### PROMPT:
Without changing a thing, reproduce the entire listing and leave out its pictures.

### PROVIDED DATA:
····················

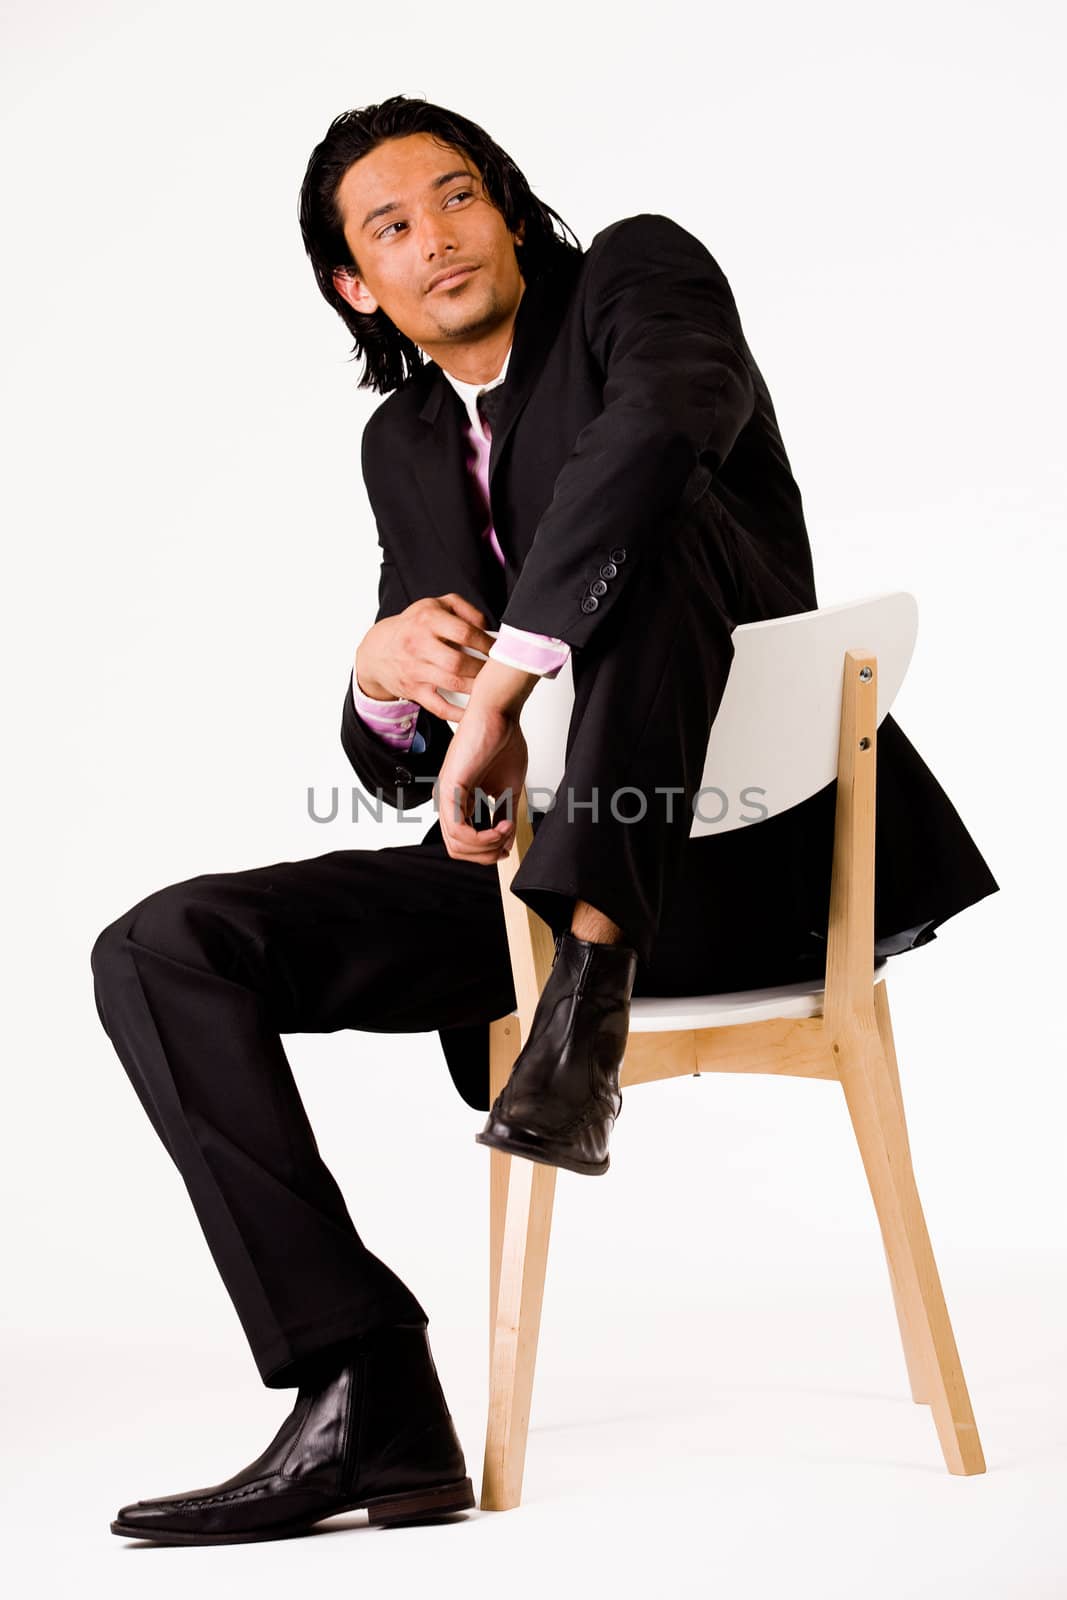 Young indonesian man in a business suit
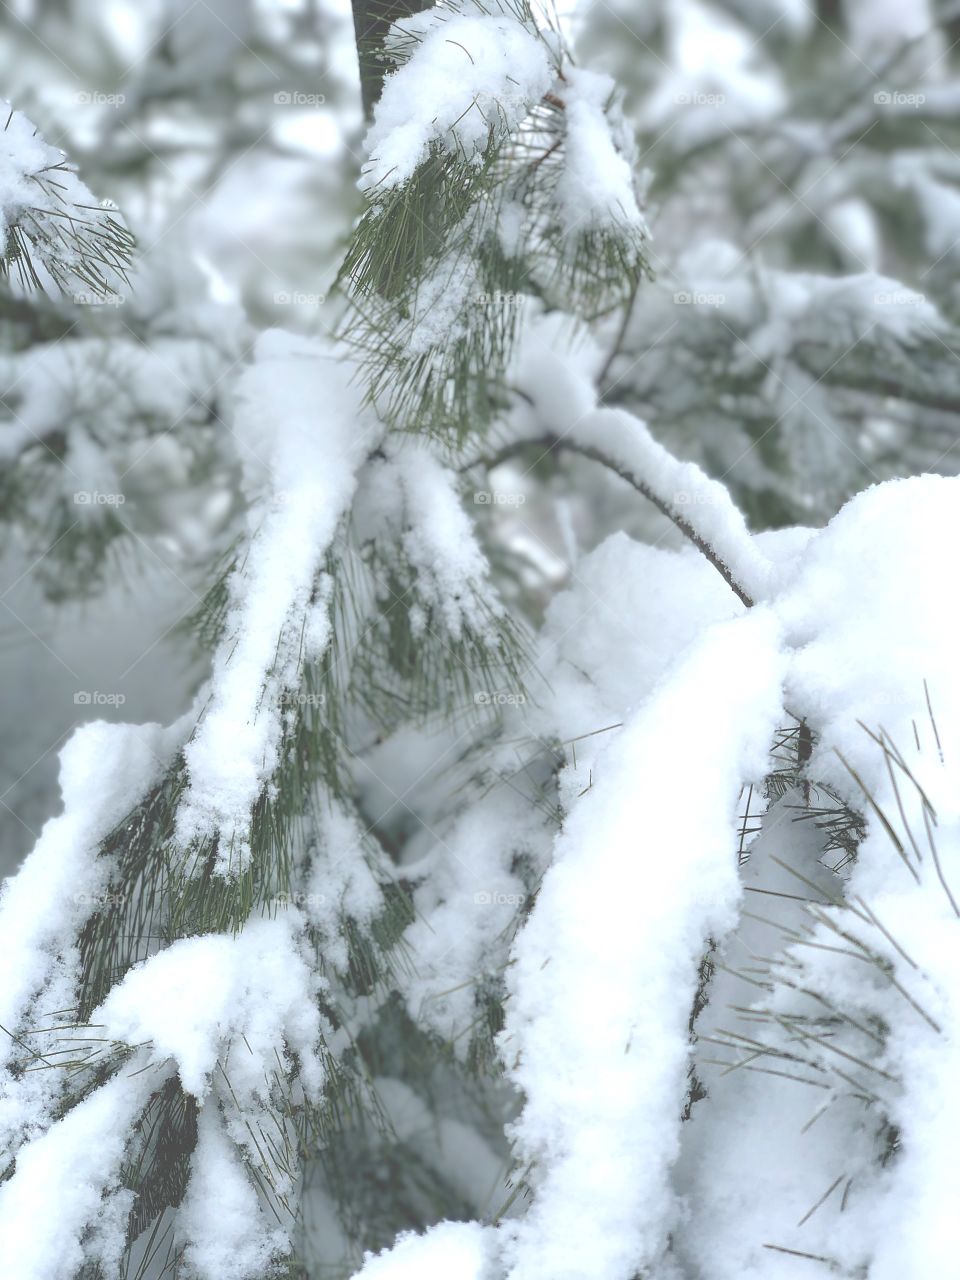 Snow covered pine
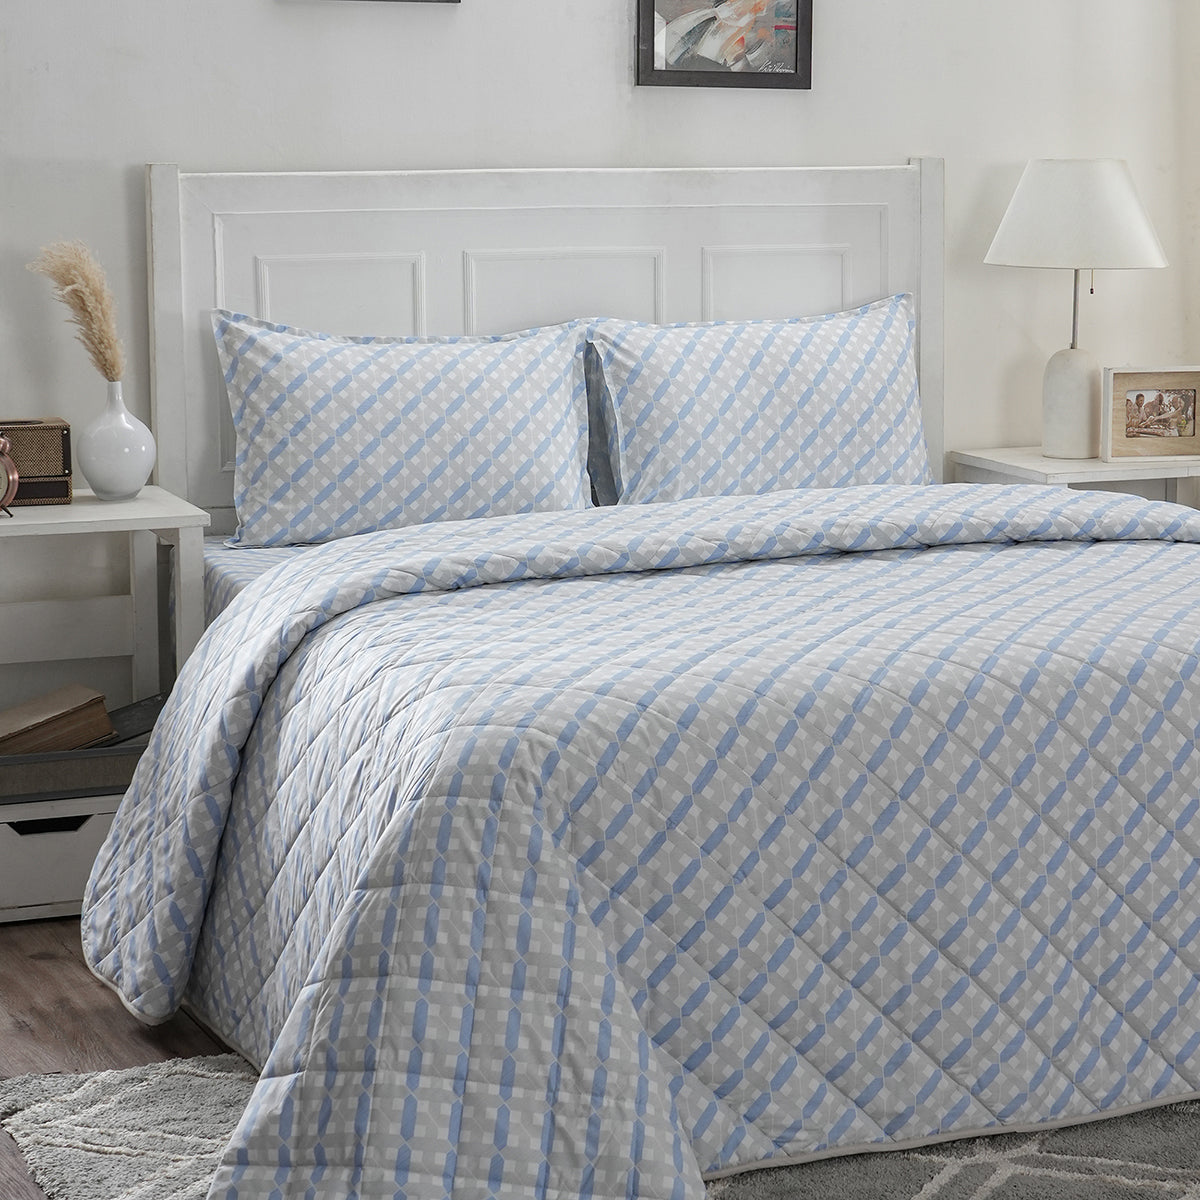 Optimist Bloom Esther 4PC Quilt/Quilted Bed Cover Set

····················

### OUTPUT:
 Young indonesian man in a business suit
 Snow covered pine
 Optimist Bloom Esther 4PC Quilt/Quilted Bed Cover Set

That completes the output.